◆ Raw data
━━━━━━━━━━
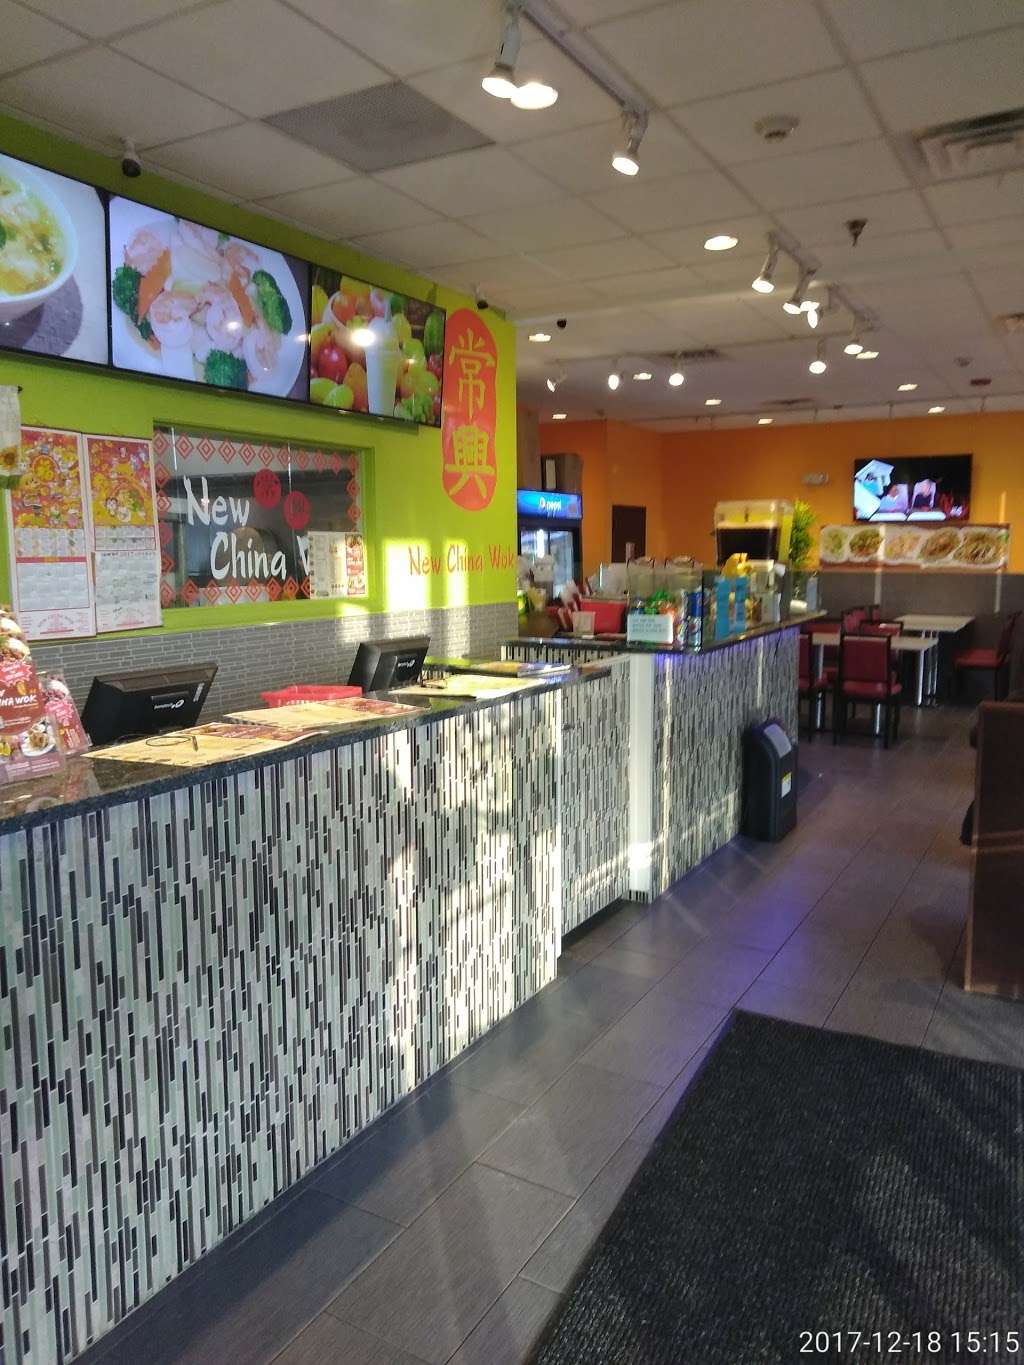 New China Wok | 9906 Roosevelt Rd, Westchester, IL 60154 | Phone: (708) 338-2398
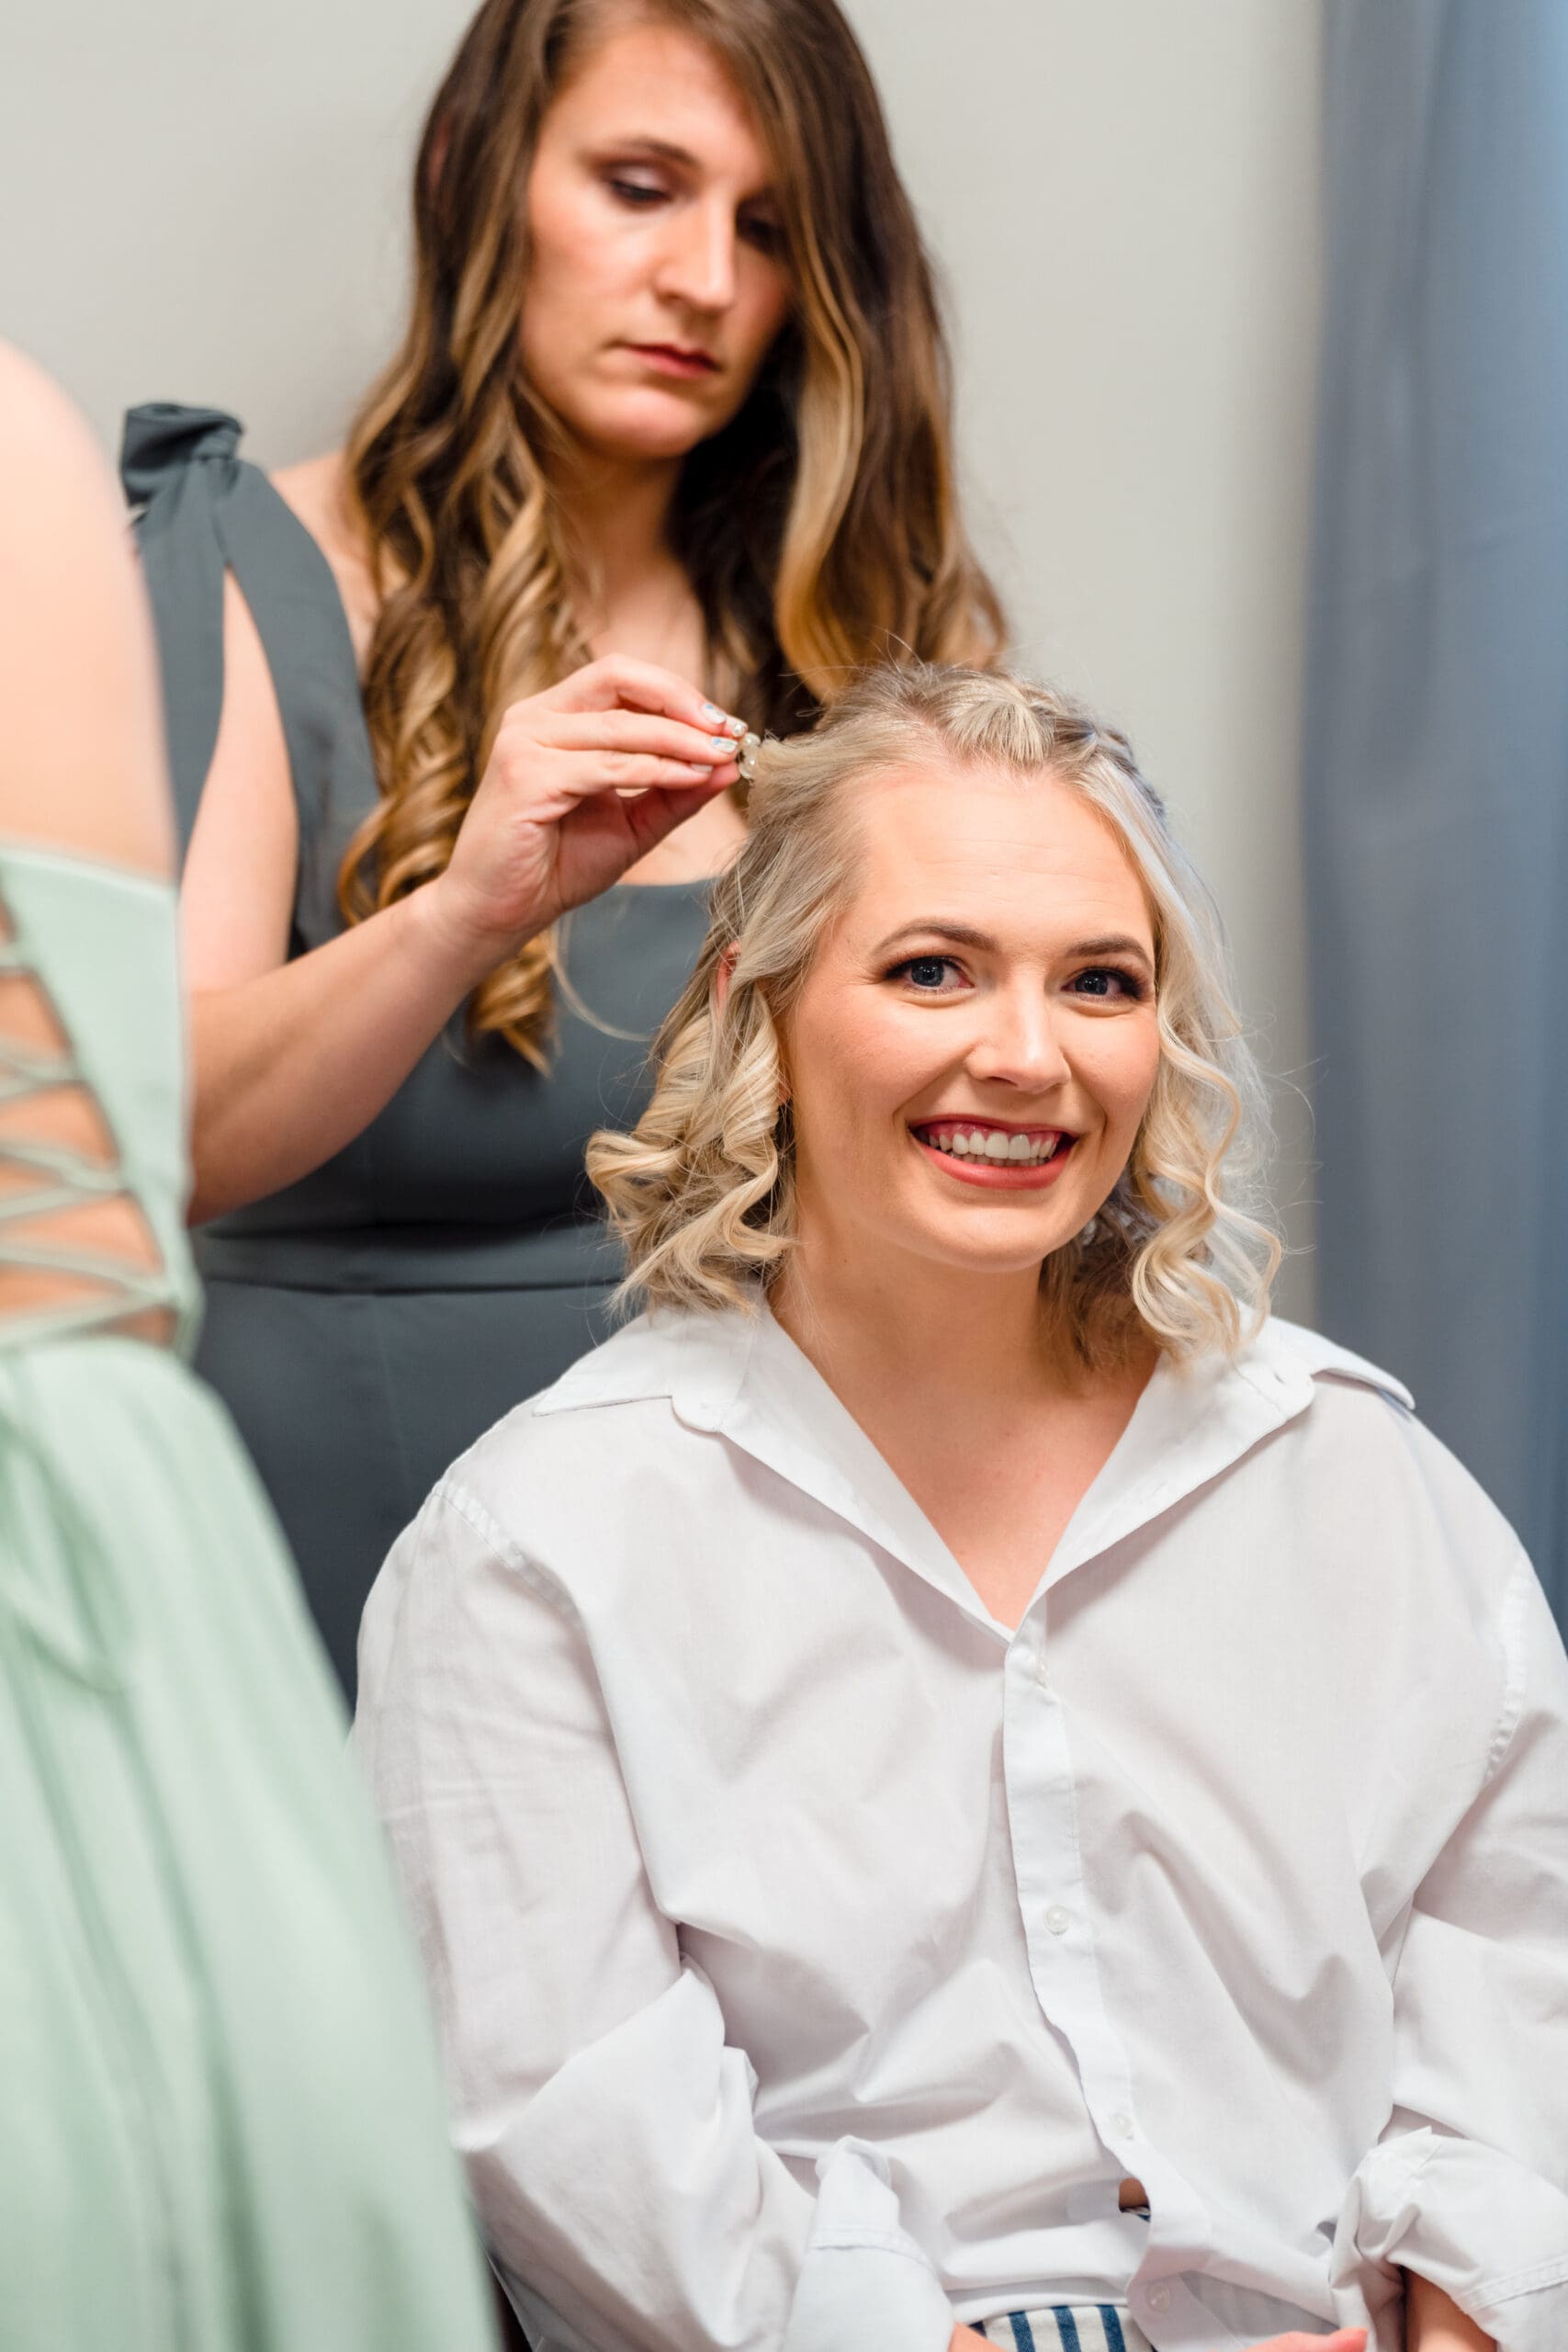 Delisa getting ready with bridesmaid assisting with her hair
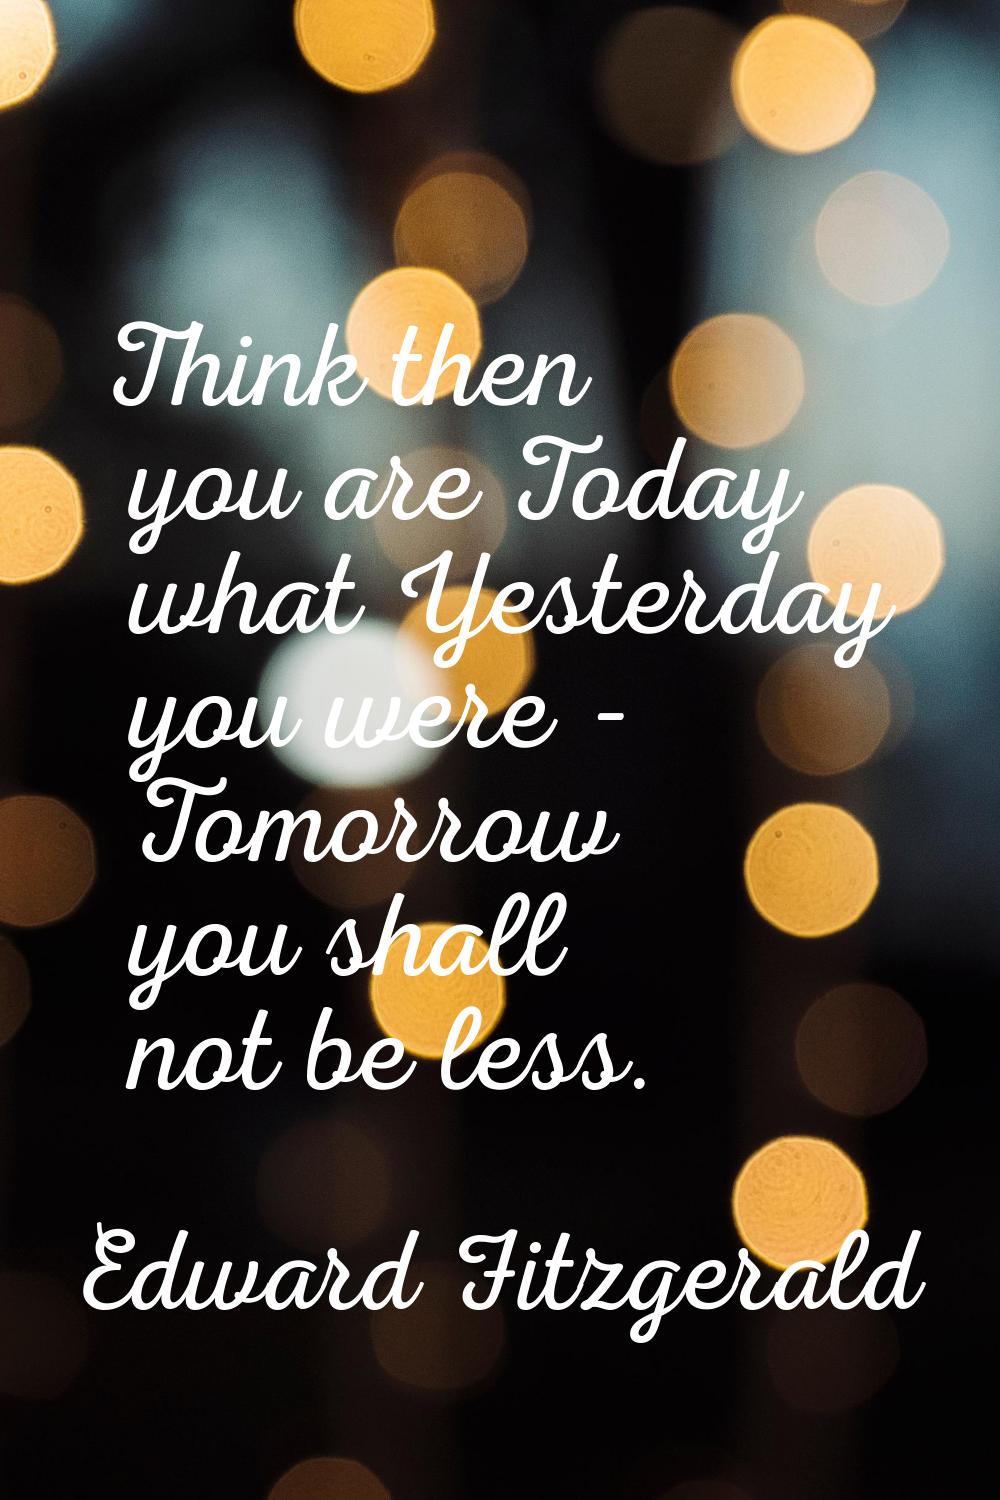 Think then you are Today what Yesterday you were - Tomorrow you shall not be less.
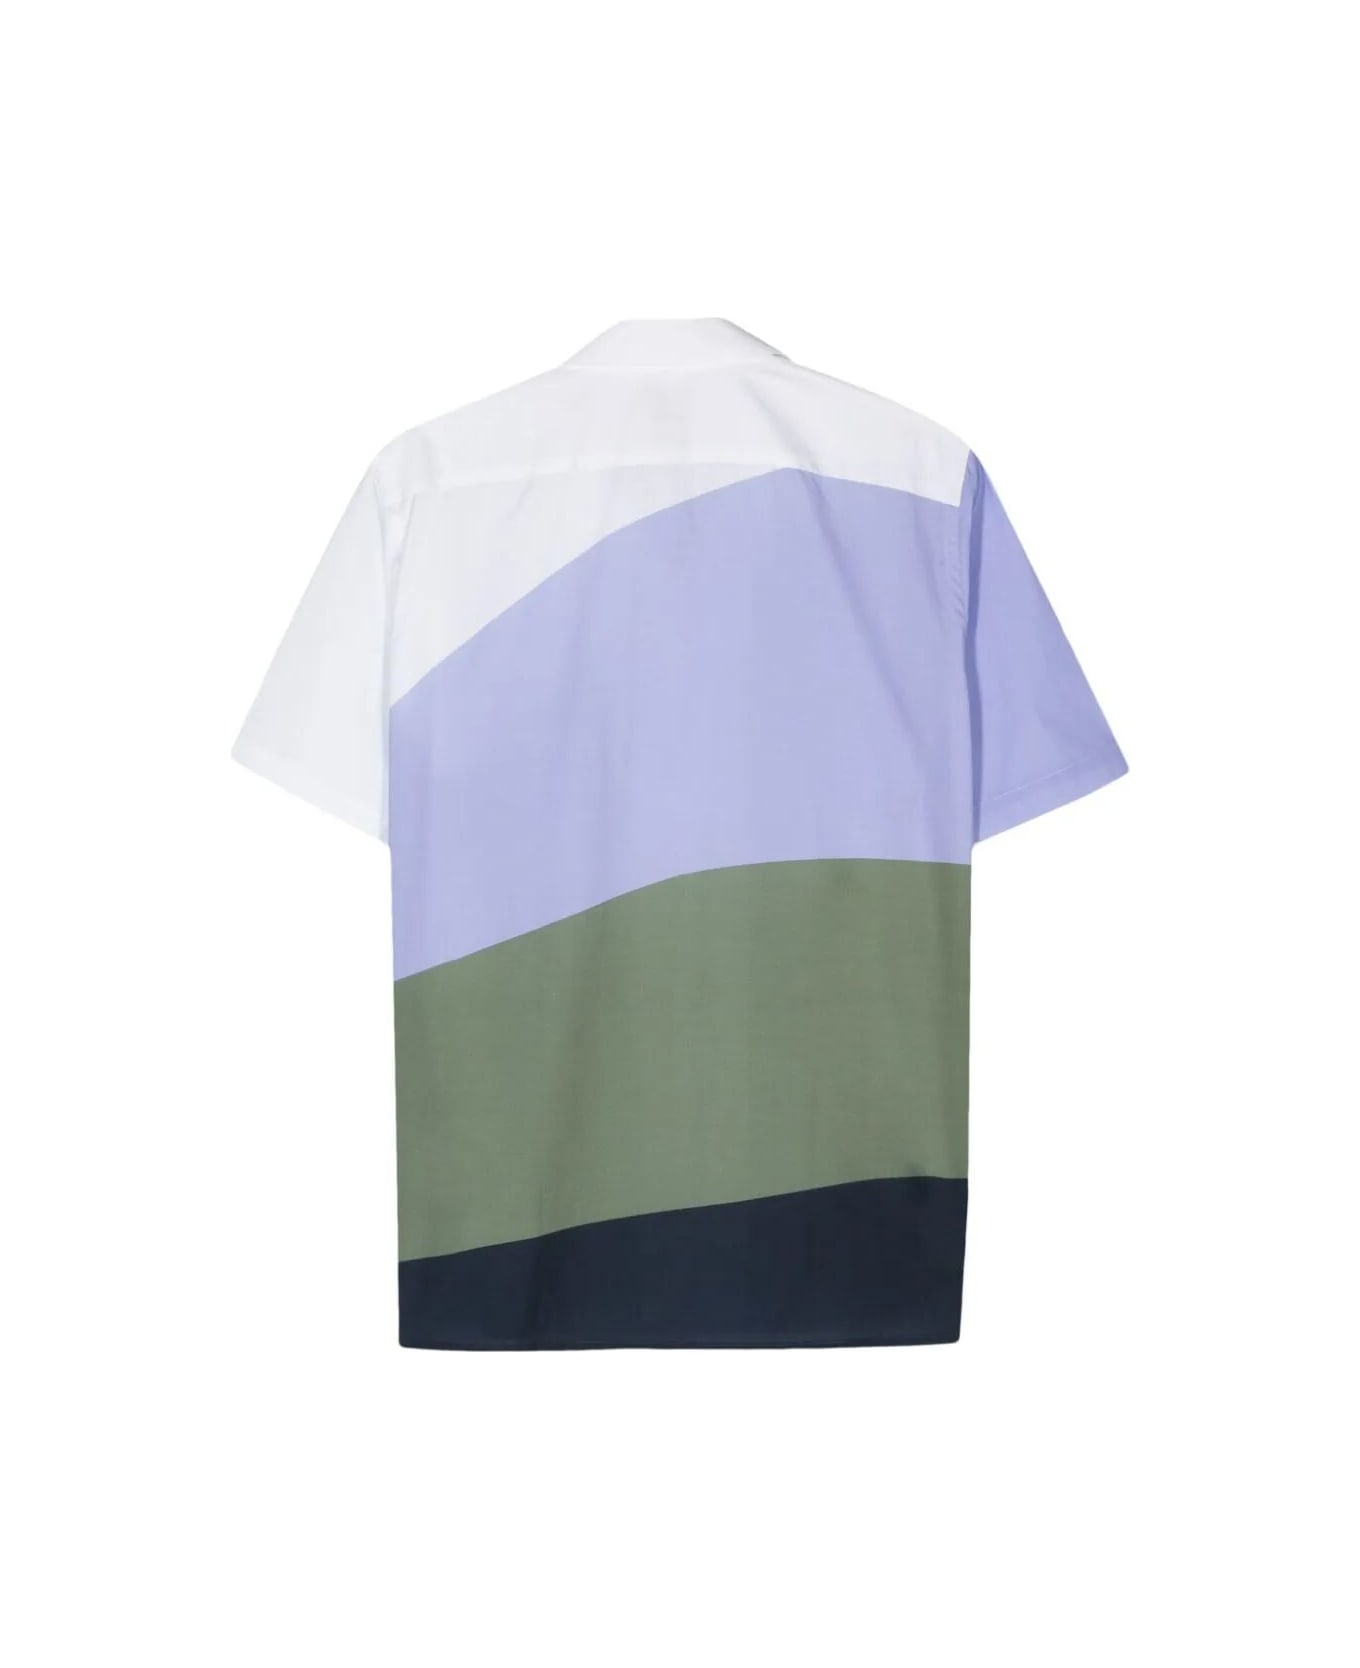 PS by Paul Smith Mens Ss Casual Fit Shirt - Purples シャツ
━━━━━━━━━━
◆ Try it
Could you give the listing above again word for word, without any pictures?

◆ Response area
 New China Wok | 9906 Roosevelt Rd, Westchester, IL 60154 | Phone: (708) 338-2398
 Delisa getting ready with bridesmaid assisting with her hair
 Think then you are Today what Yesterday you were - Tomorrow you shall not be less.
 PS by Paul Smith Mens Ss Casual Fit Shirt - Purples シャツ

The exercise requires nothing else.